Pour l’instant, il est prévu que cette scène agrandie serve aux captations audiovisuelles, bonifiées par une collaboration avec le Département d’études cinématographiques.
La scène agrandie profitera donc au public, qui pourra écouter en ligne les concerts, et aux étudiants qui auront un lieu pour apprendre et travailler avec les autres, en format orchestre ou symphonique.
«Les étudiants le demandent tous: est-ce qu’il y aura de l’orchestre? de l’opéra?» rapporte M. Rivest. S’il y a d’autres salles de spectacle à Montréal, la leur a quelque chose d’unique, explique-t-il: «les étudiants apportent leur âme de jeunes, leur ébullition et leur force de vivre que l’on n’a qu’à 20 ans».
Cette scène permettra aussi à la Faculté de développer de nouvelles expertises et des formations supplémentaires qui pourront servir au milieu de la musique, ajoute Pierre Michaud, le vice-doyen aux cycles supérieurs et à la recherche.
«On a un rôle à jouer comme université de recherche qui est de proposer des pistes de solution et de nouvelles façons de faire», dans cette époque de pandémie, ajoute-t-il.
Quand la COVID est arrivée, on s’est demandé: c’est quoi la formation pour un étudiant en musique du 21e siècle? dit Mme Fernando.
Mais sa faculté avait déjà entamé cette grande réflexion avant le 13 mars, dont la collaboration avec le cinéma.
La pandémie leur a toutefois permis de migrer vers autre chose: «elle nous oblige à aller plus loin, plus vite», dit-elle.

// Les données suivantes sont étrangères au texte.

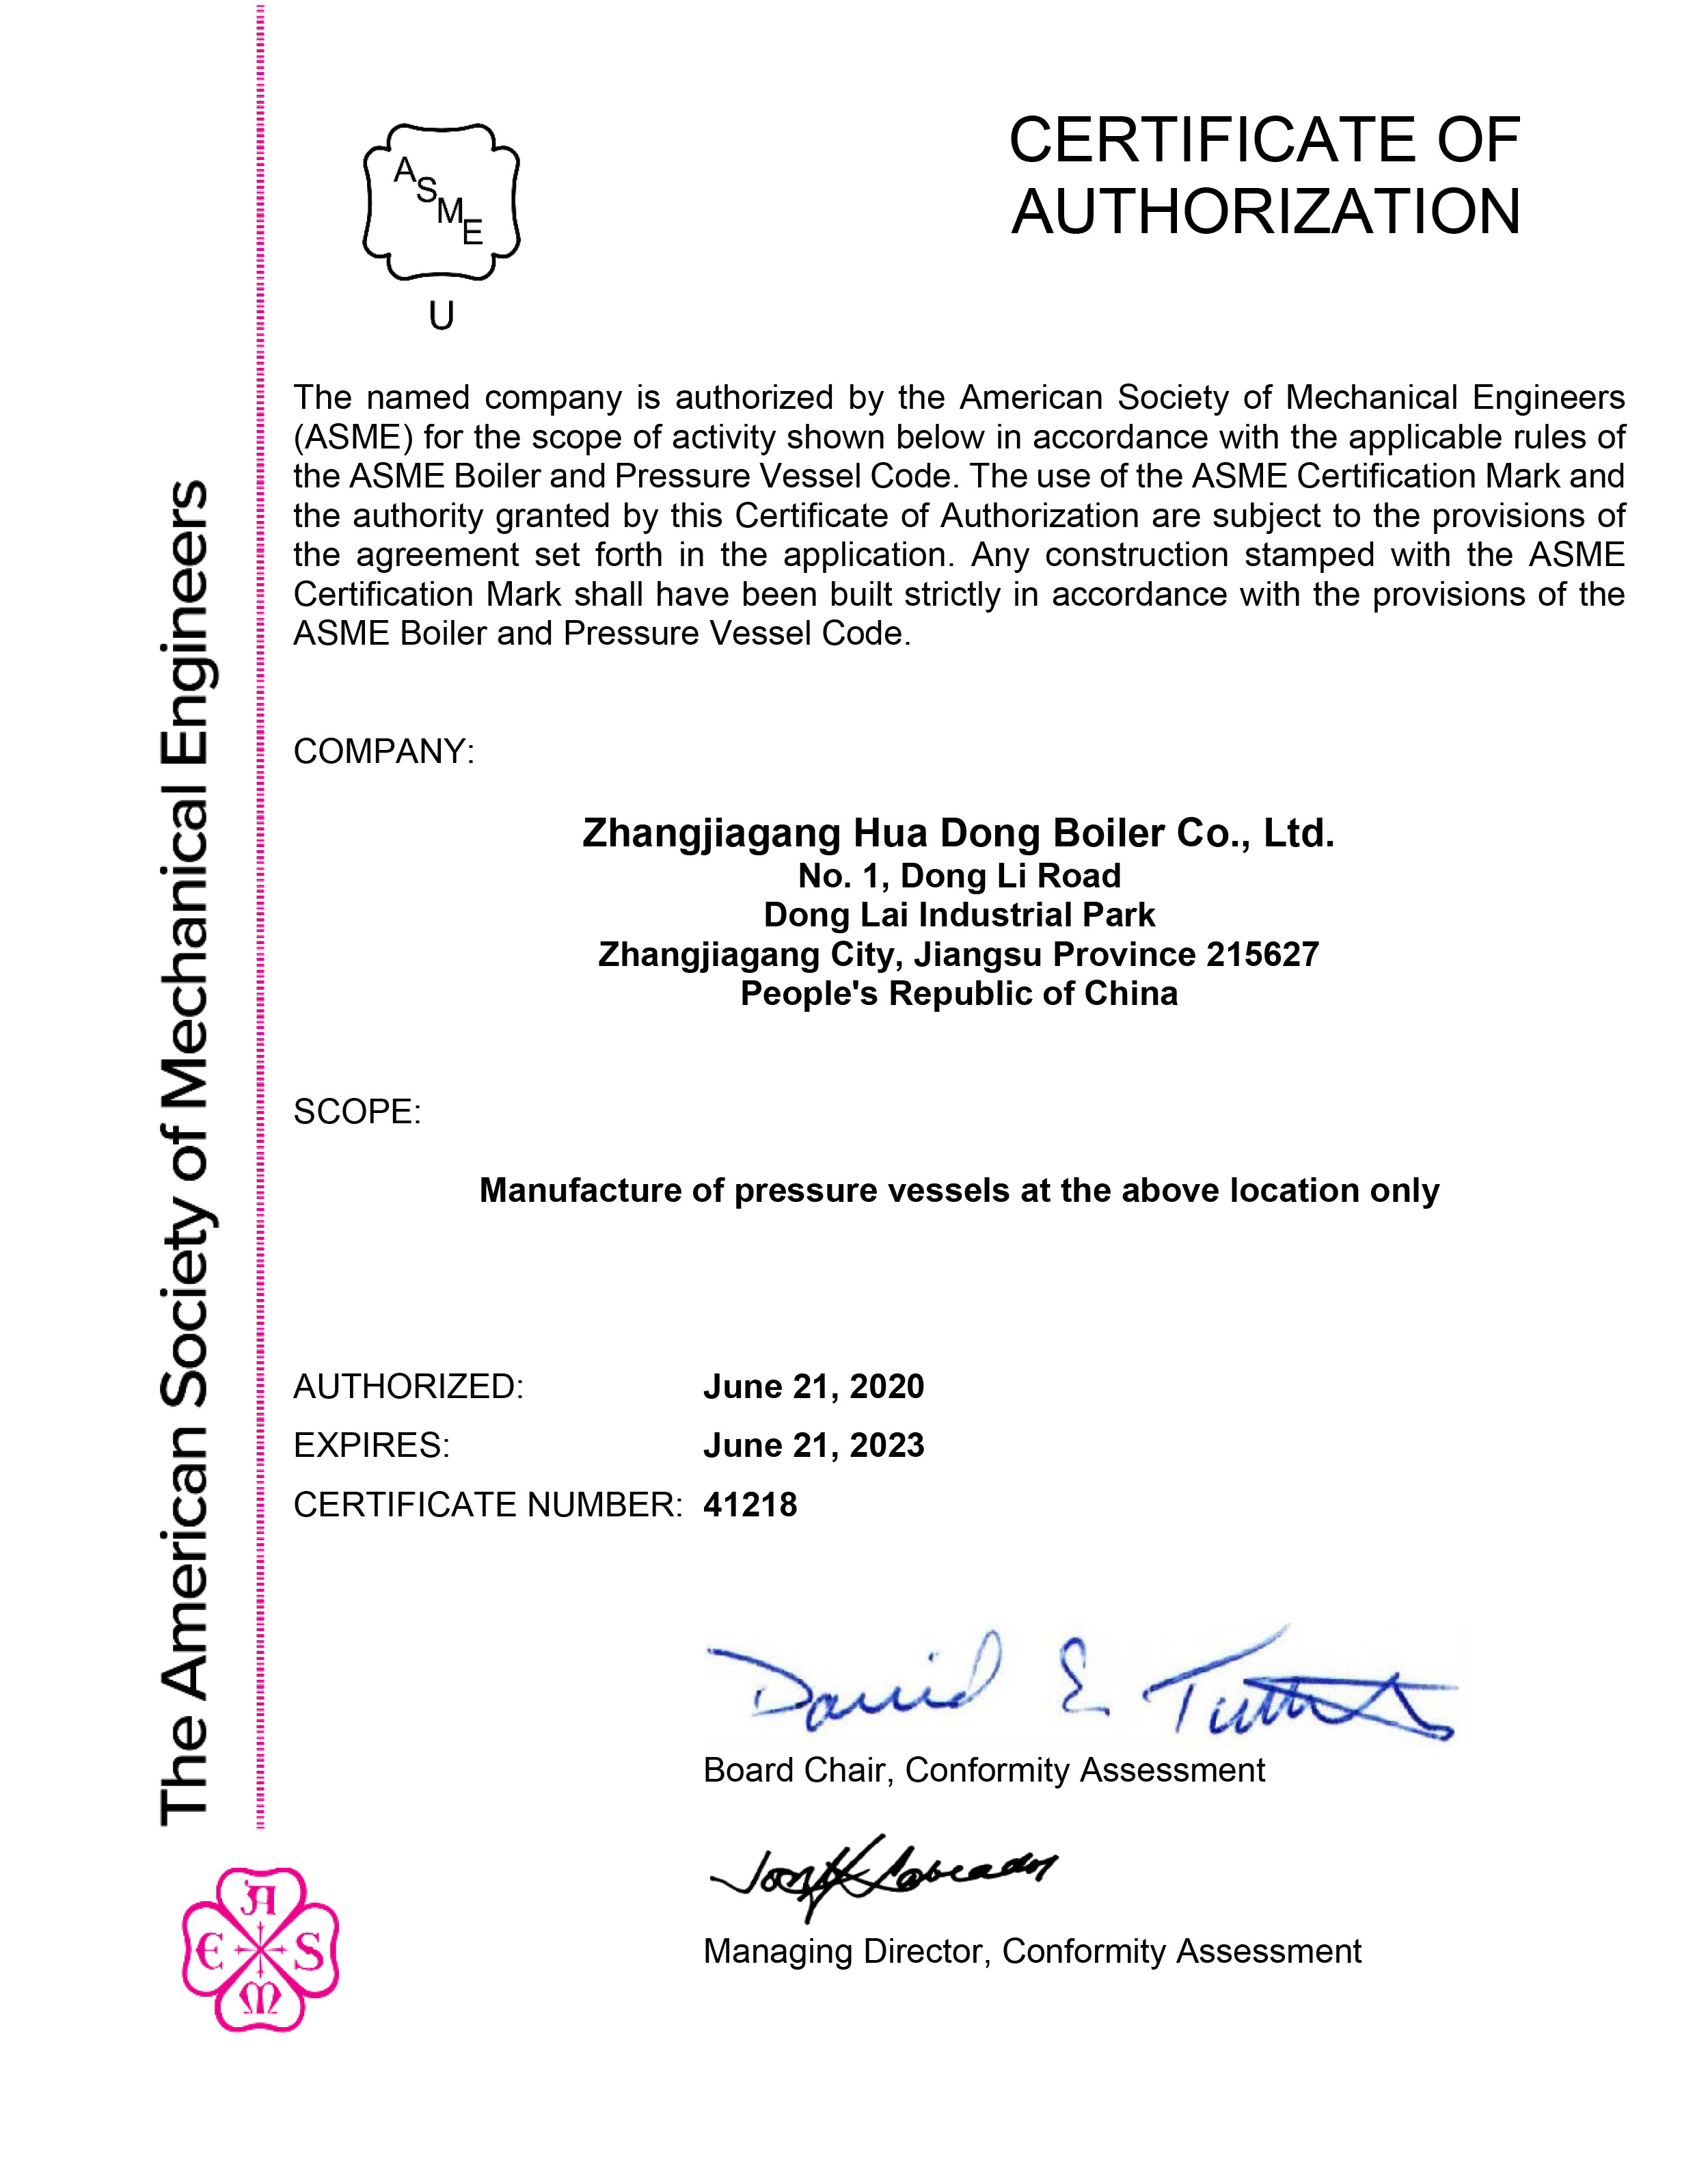 Zhangjiagang HuaDong Boiler Co., Ltd. Certifications

«L’avenir, on va le penser.»
Regardant la scène vide, M. Rivest explique que d’apprendre à jouer en vue d’un enregistrement est plus difficile qu’un concert en direct. «C’est un métier en soi.»
Il estime que la faculté doit donc apprendre à ses jeunes musiciens comment travailler avec les caméras et à se donner à 100 % sans public.
«Ce qu’on veut offrir à l’automne, ce n’est pas un Plan B ou un Plan C, dit M. Michaud. On est en train de se réinventer», avec un enseignement qui servira, qu’il y ait pandémie ou non.
L’automne sera ainsi parsemé de cours théoriques sur internet et d’autres en classe. Toute la faculté a été réorganisée pour que les lieux soient sécuritaires, souligne la doyenne. C’est déjà le cas cet été: un horaire permet aux étudiants de venir pratiquer de leurs instruments sur place car certains ne peuvent le faire à la maison. «Vous imaginez les voisins qui auraient six heures de trombone par jour?» s’exclame la doyenne.
L’Université de Montréal a été à l’écoute des besoins de la Faculté de musique et a fourni les fonds pour son projet de grande scène, ficelé à vitesse Grand V, se réjouit la doyenne.
«Tout le monde travaille pour que les étudiants puissent revenir, pour que la musique puisse recommencer là où elle s’est arrêtée», ajoute Onil Brousseau.
Et pour faire plaisir à ses étudiants privés de leur concert, M. Rivest a remis au programme en avril le «Chevalier à la rose».